Lawrence House at 45 East 59th Street
Architect in 1903
Bradford Lee Gilbert (1853–1911) was a prominent New York architect whose career bridged nineteenth-century masonry traditions and the emerging age of steel-frame construction. He is best known for designing the Tower Building (1889) at 50 Broadway, widely regarded as New York City’s first true skyscraper and an early experiment in steel-frame, curtain-wall construction. Gilbert also maintained a large and varied practice that included railroad stations, institutional buildings, and elite private residences. In residential work, he was particularly skilled at dramatic remodelings, as in his 1903 Beaux-Arts transformation of 35 East 67th Street for J. Henry Alexandre, where he reimagined an earlier Victorian brownstone as a modern, French-influenced townhouse.
Architectural Description As remodeled in 1903, 35 East 67th Street became a refined Beaux-Arts townhouse with strong French influences. The renovation removed the original Victorian brownstone façade and stoop, replacing them with a smooth stone exterior and a street-level entrance. The façade is organized vertically with large, curved and rectangular window groupings, wrought-iron balconies, and a pronounced mansard roof, giving the building the character of an early twentieth-century Parisian hôtel particulier adapted to a New York townhouse scale. Although the structural core of the 1881 building was retained, the exterior and principal interior arrangements were thoroughly modernized to reflect Edwardian-era tastes and the social ambitions of its owner.

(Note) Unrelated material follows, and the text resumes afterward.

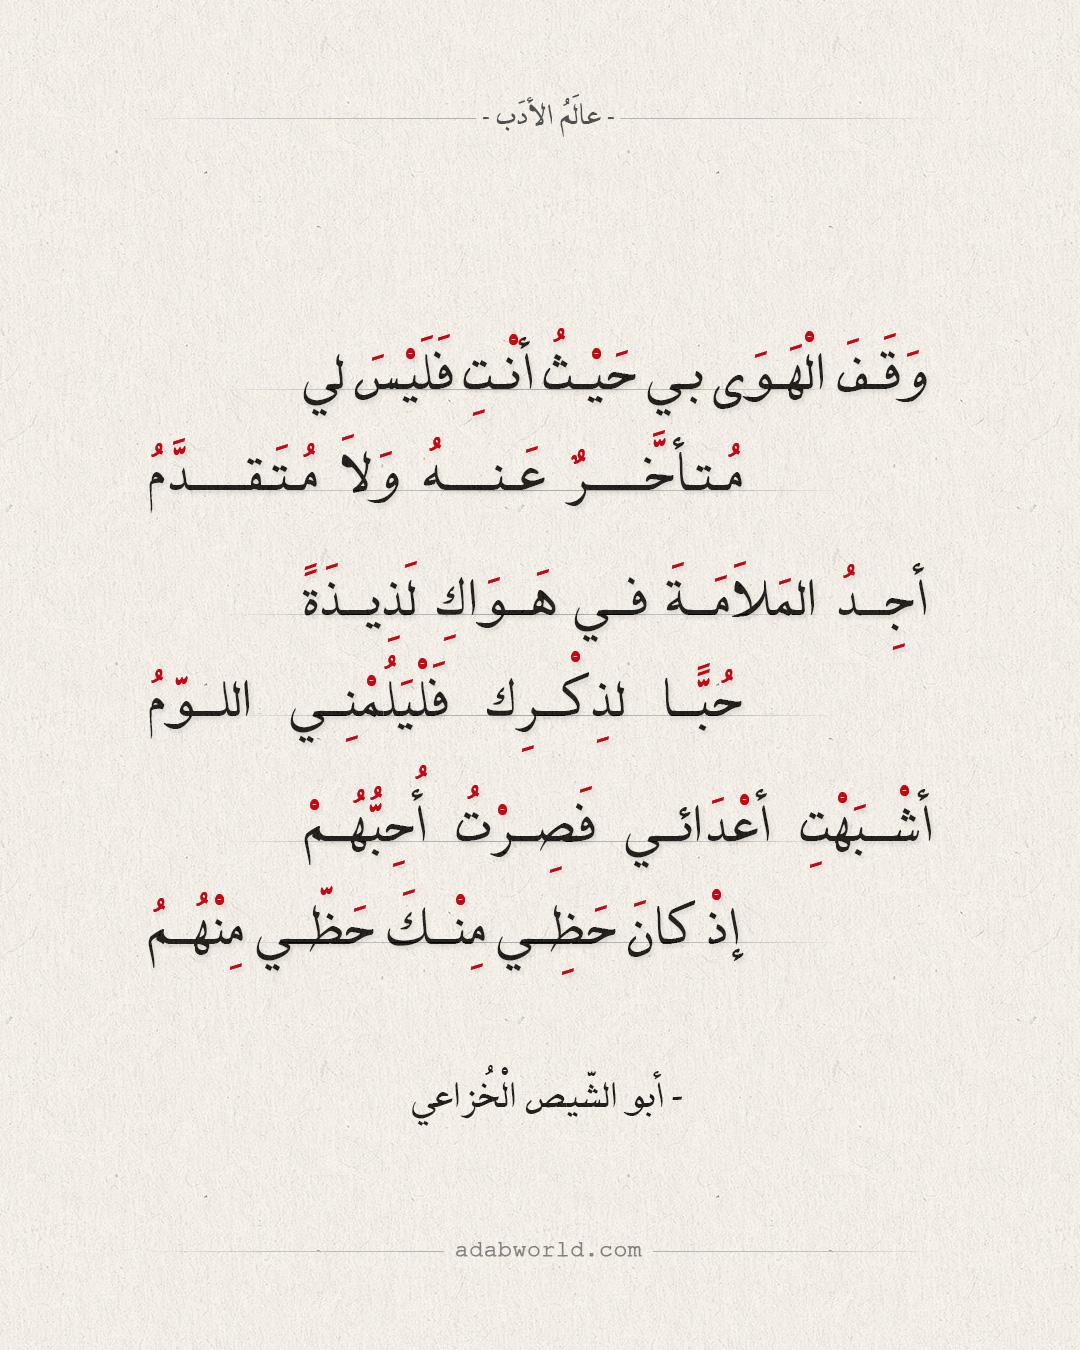 شعر أبو الشيص - وقف الهوى بي حيث أنت فليس لي
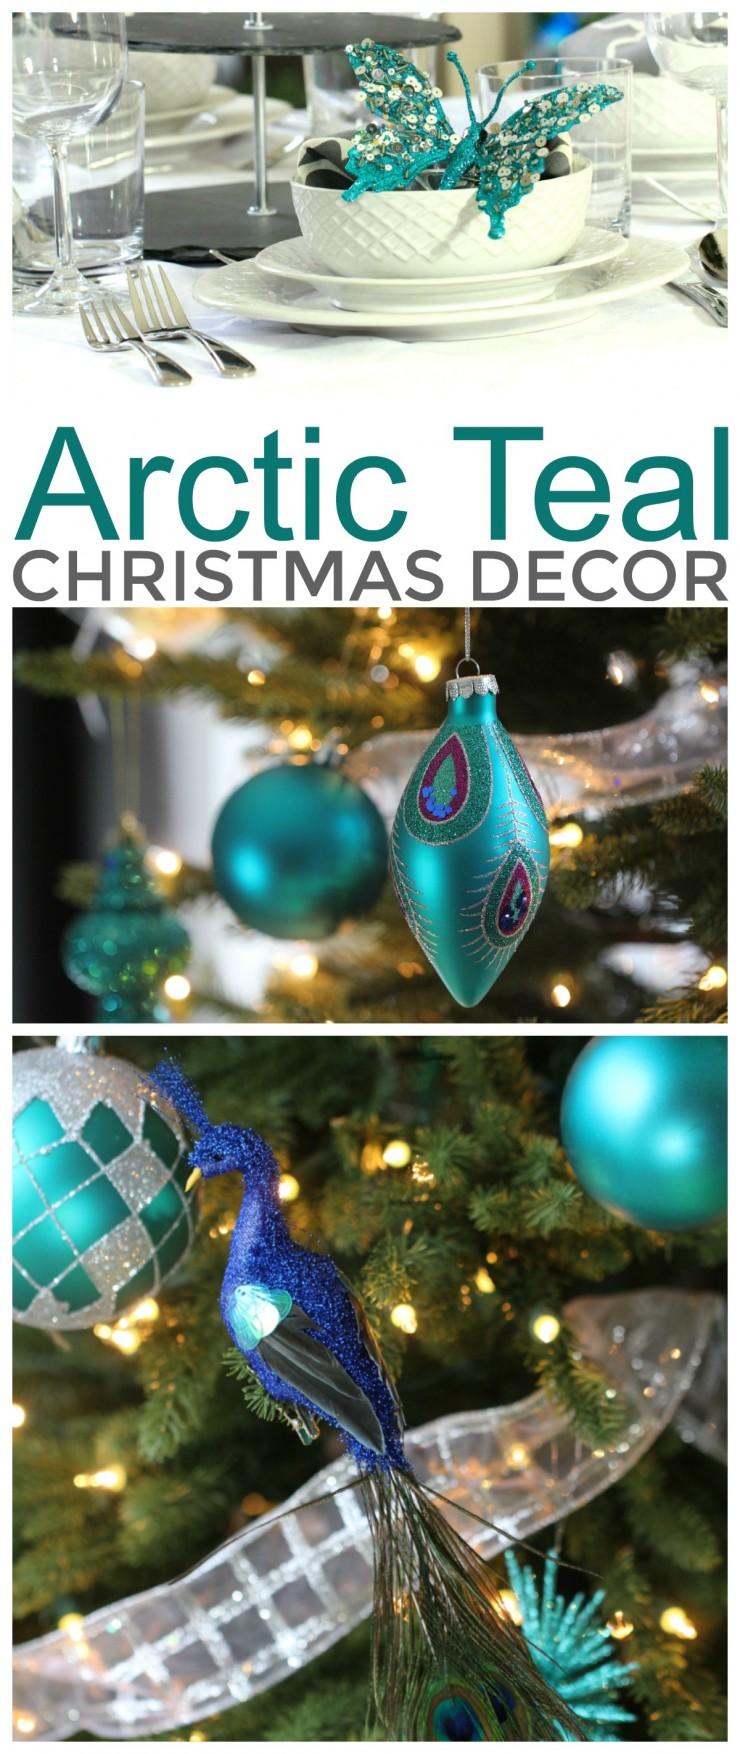 Arctic Teal Christmas Decoration Ideas - Teal Christmas Tree, Teal Christmas Tableschape and other easy

In 1903, the house was purchased from the Joseph Suydam Stout family by James Henry Alexandre, a prominent New York shipping and business figure, and his wife Elizabeth Boyce Alexandre. Alexandre immediately commissioned Bradford Lee Gilbert, one of New York’s most innovative architects, to remake the house as a fashionable private mansion. The Alexandres resided there until Henry Alexandre’s death in 1912, after which the property passed through heirs.
By the mid-twentieth century, the house had been altered from its original single-family use and converted into apartments, reflecting broader changes in Upper East Side residential patterns. In the late twentieth and early twenty-first centuries, the building became associated with the neighborhood’s gallery district, housing high-end art and rare-book dealers while retaining much of its architectural character.